_Work required:_ Reproduce the listing exactly, with no pictures in your copy.

_Given information:_
■ ■ ■ ■ ■
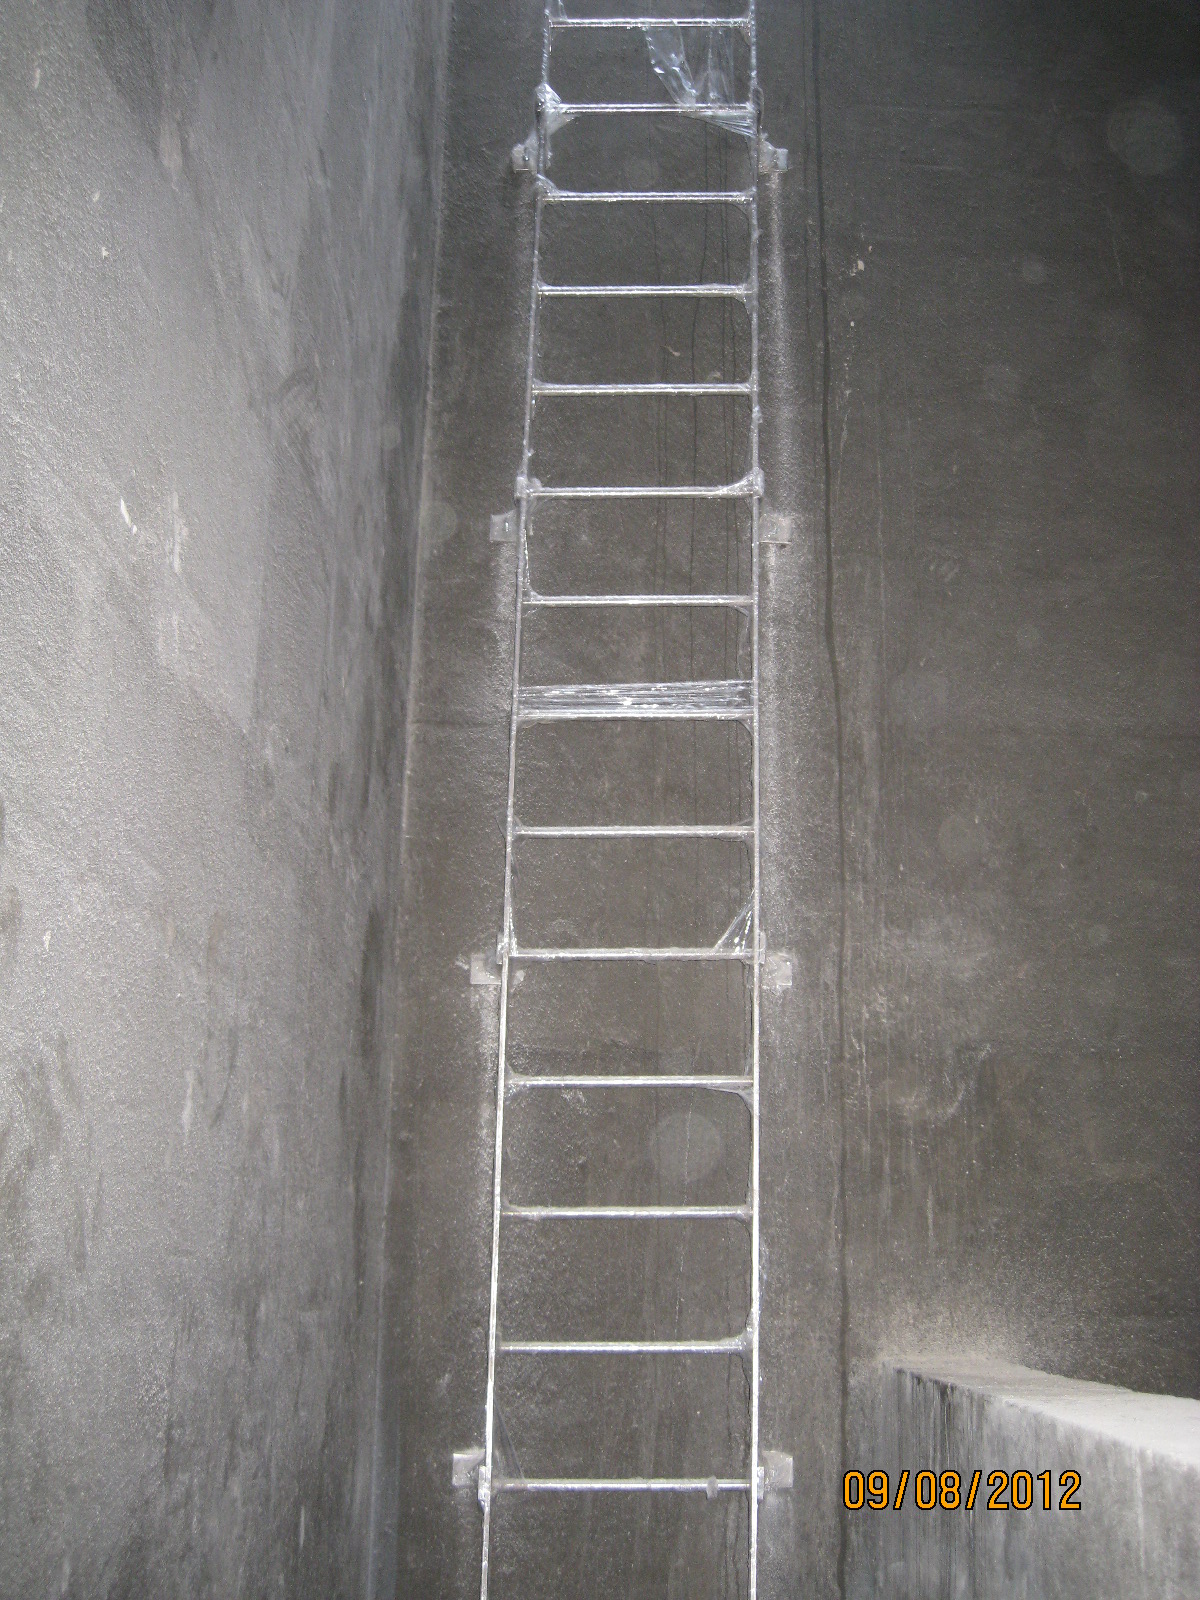 Step runge & ladder
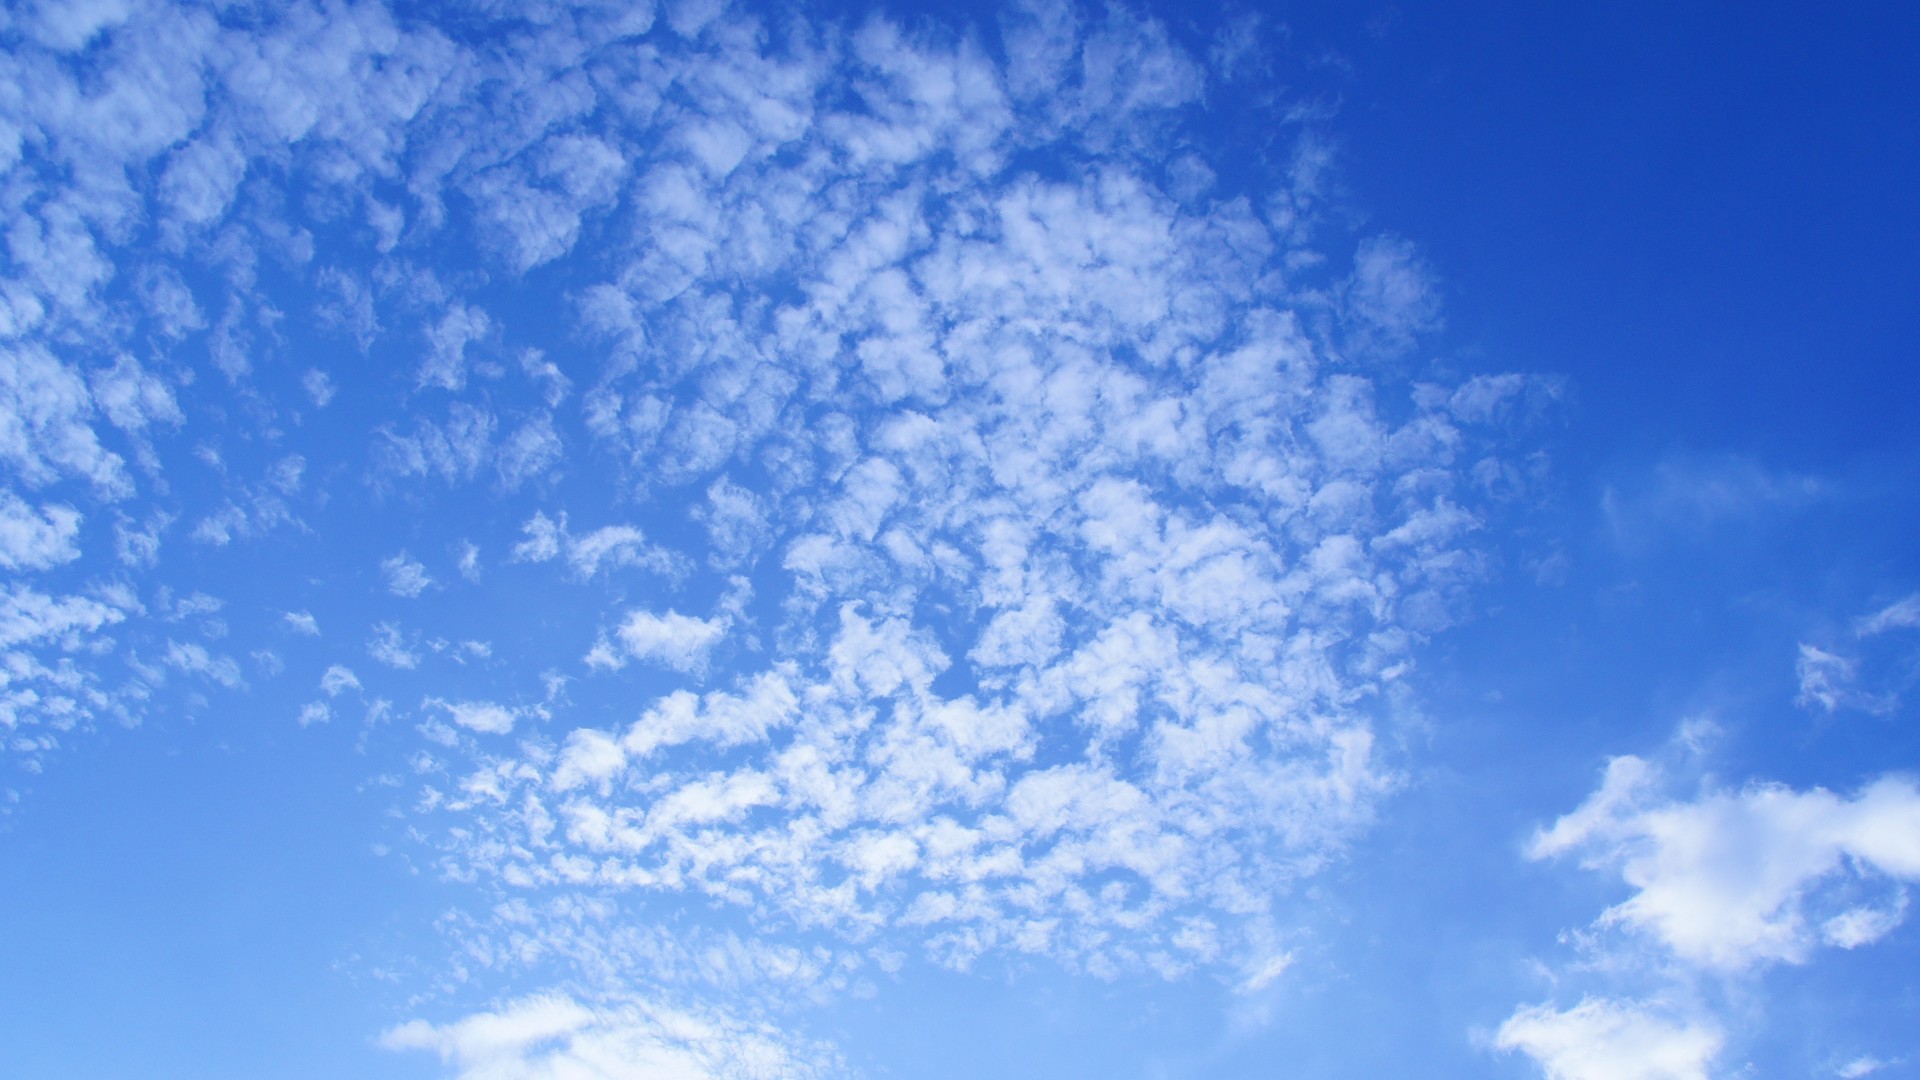 美丽的蓝天白云如鱼鳞一样唯美风景图片壁纸
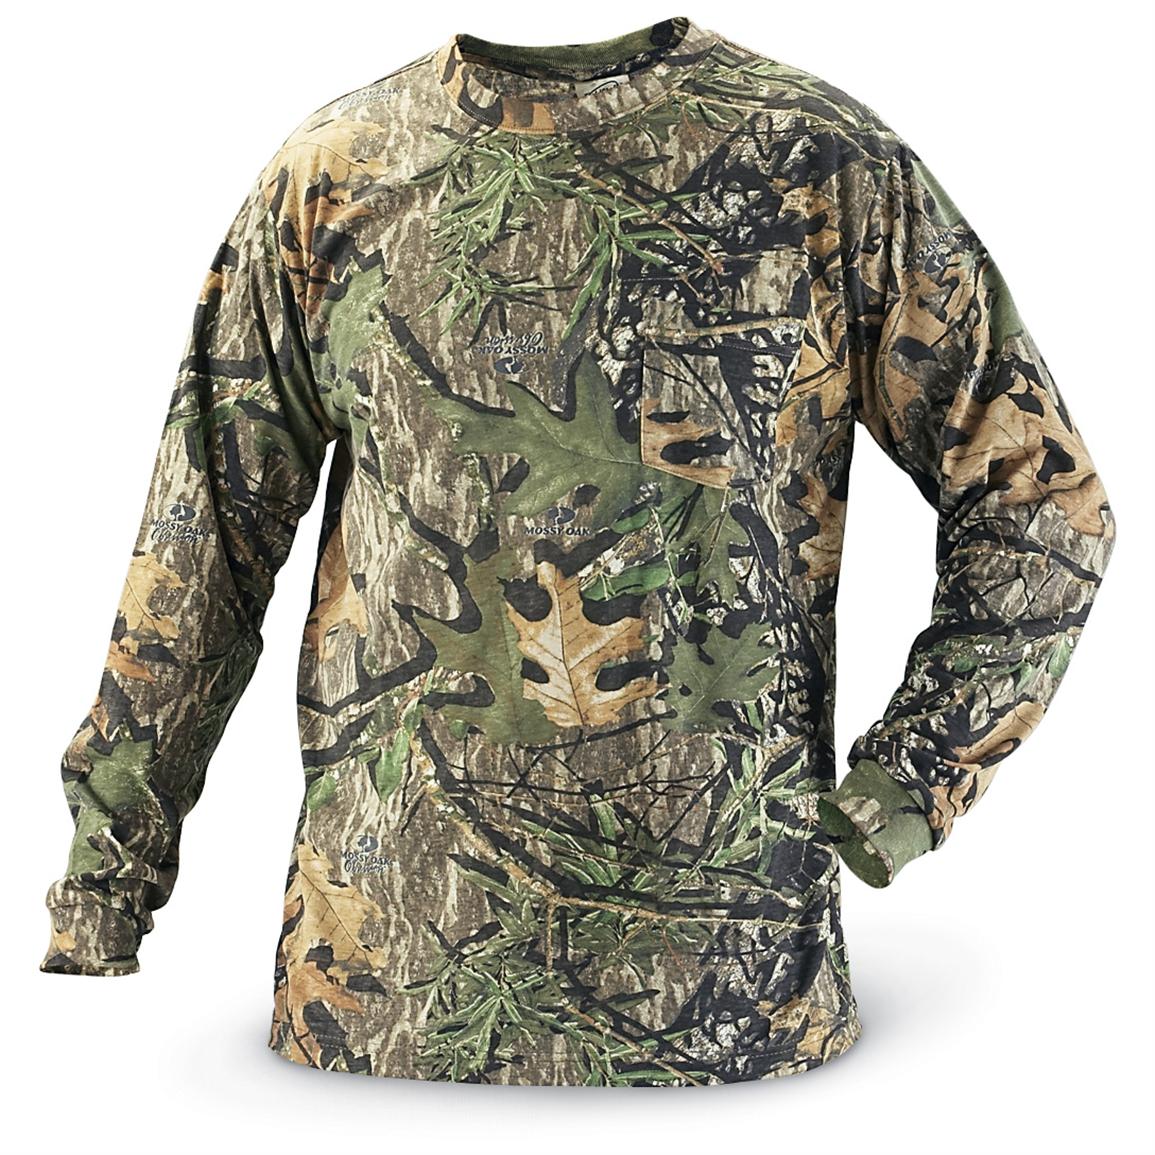 2 Mossy Oak® Apparel Field Staff T - shirts, Mossy Oak® Obsession ...
■ ■ ■ ■ ■
_Answer box:_
 Step runge & ladder
 美丽的蓝天白云如鱼鳞一样唯美风景图片壁纸
 2 Mossy Oak® Apparel Field Staff T - shirts, Mossy Oak® Obsession ...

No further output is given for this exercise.